Cloud Security für jedes Dritte Unternehmen Priorität – Automatisierung nur für jedes zehnte

Unter den strategischen Sicherheitsthemen sticht vor allem die Cloud-Sicherheit hervor, die mit 36 Prozent mit Abstand die häufigste Priorität für Betriebe ist. „Die zunehmende Cloud-Nutzung für immer mehr kritische Prozesse und die dadurch steigende Abhängigkeit bei gleichzeitig steigender Bedrohungslage macht umfangreiche Maßnahmen zu ihrer Absicherung auch absolut notwendig“, sagt Marco Becker, Consulting Manager bei IDC und Studienleiter. Mit 22 Prozent ist Endpoint Security die zweithäufigste Top-Herausforderung. Die zunehmende Nutzung von Endgeräten für Remote Work und die starke Dezentralisierung von Endpoints durch (Industrial) Internet of Things und Edge Computing erhöhen das Gefährdungspotenzial. Mit 19 Prozent auf dem dritten Rang S. 3 befinden sich Secure Backups und Desaster Recovery. Diese Priorität leitet sich vor allem aus dem großen Erfolg von Ransomware ab und ist nach Meinung von IDC berechtigt, denn bei 88 Prozent der erfolgreichen Ransomware-Angriffe auf Studienteilnehmer wurden auch die Backups ganz oder teilweise verschlüsselt. Etwas zu wenig Aufmerksamkeit bekommt mit neun Prozent Security Automation und Orchestration. „Gemessen an der Security-Komplexität und dem Fachkräftemangel sollte diesem Thema wesentlich mehr Aufmerksamkeit beigemessen werden“ rät Becker.

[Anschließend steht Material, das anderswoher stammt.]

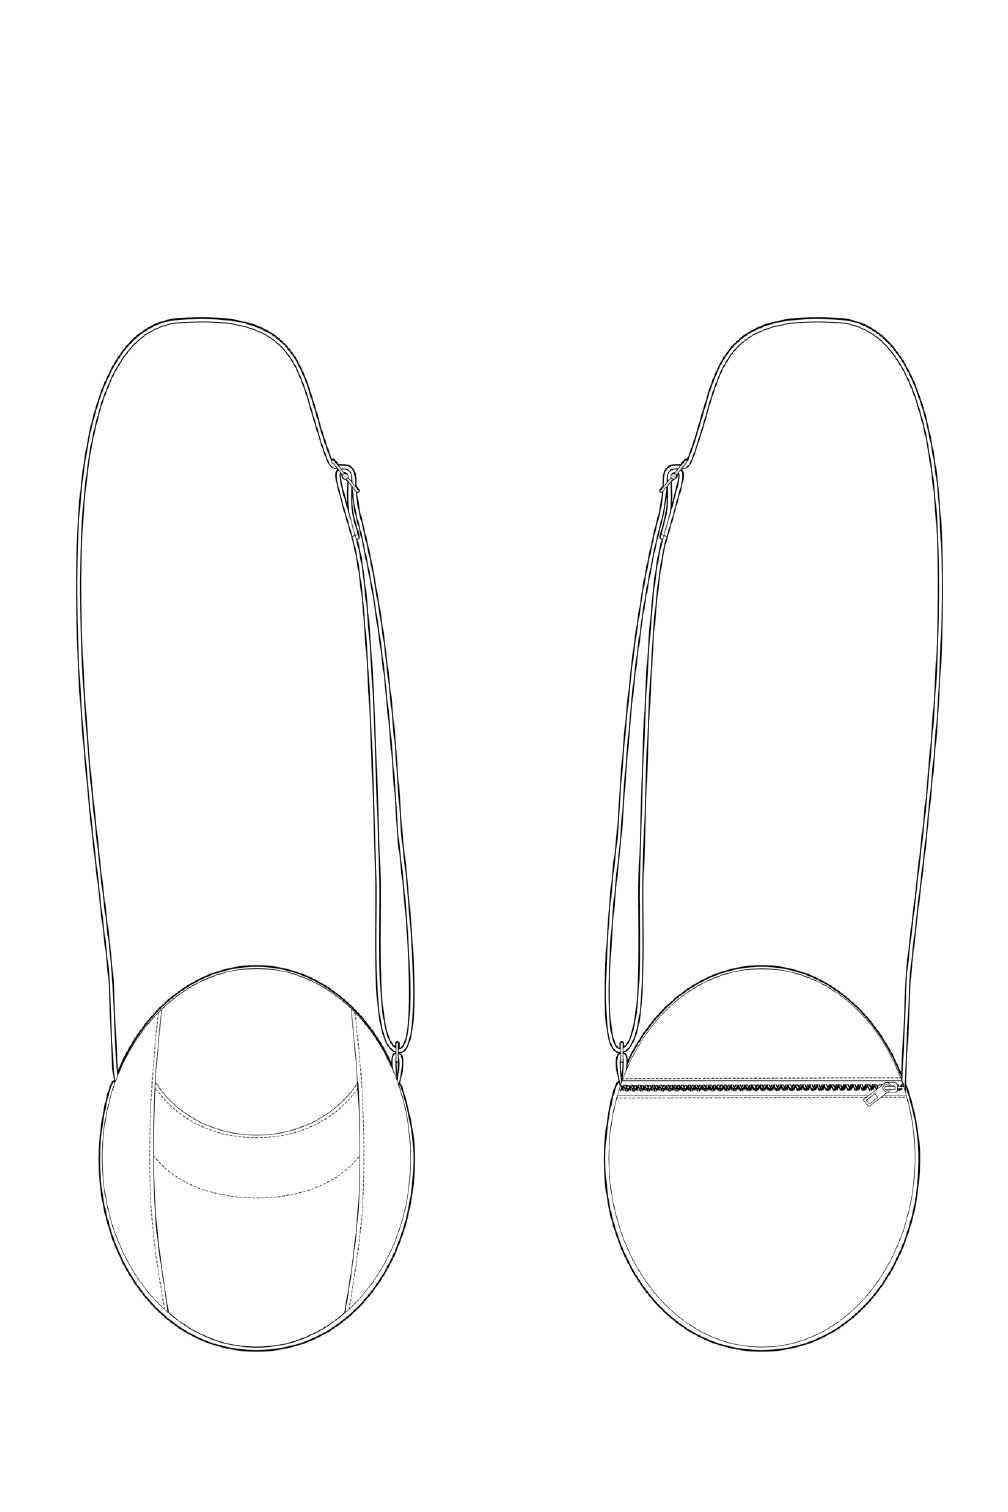 a line drawing of l'Oeuf Bag

Externe Security aus lokalen Anbieter-Clouds laut Hälfte der Befragten am sichersten

Bereits rund 80 Prozent der Unternehmen betreiben mindestens die Hälfte ihrer SecurityInfrastrukturen in externen Umgebungen, um die eigene Security-Komplexität zu reduzieren, das Security-Personal zu entlasten oder das Security-Knowhow zu ergänzen. Etwas mehr als die Hälfte findet sogar, dass externen Security-Infrastrukturen, die in Colocation- und Cloud-Umgebungen gehostet oder als SaaS bezogen werden können, sicherer sind als die eigene On-Premises-Security. Lokale Anbieter-Clouds sind für 47 Prozent der Befragten das sicherste Bereitstellungsmodell. Auch spezifische externe Security-Services wie Beratungen, Assessments und Analysen können sinnvoll sein. Beispielsweise Security Implementation Services, falls das eigene Security-Personal ausgelastet ist oder nicht die richtigen Fähigkeiten zur Implementierung neuer Sicherheitslösungen besitzt. Diese sind mit 27 Prozent der häufigste Investitionsbereich für Maßnahmen und Services zur Unterstützung der Security Operations. Auch in Services wie Cyber Recovery und Cybervaults (26 Prozent), Ransomware Assessments (20 Prozent) oder Security Consulting (16 Prozent) wird häufig investiert, um von externer Security-Expertise Gebrauch zu machen.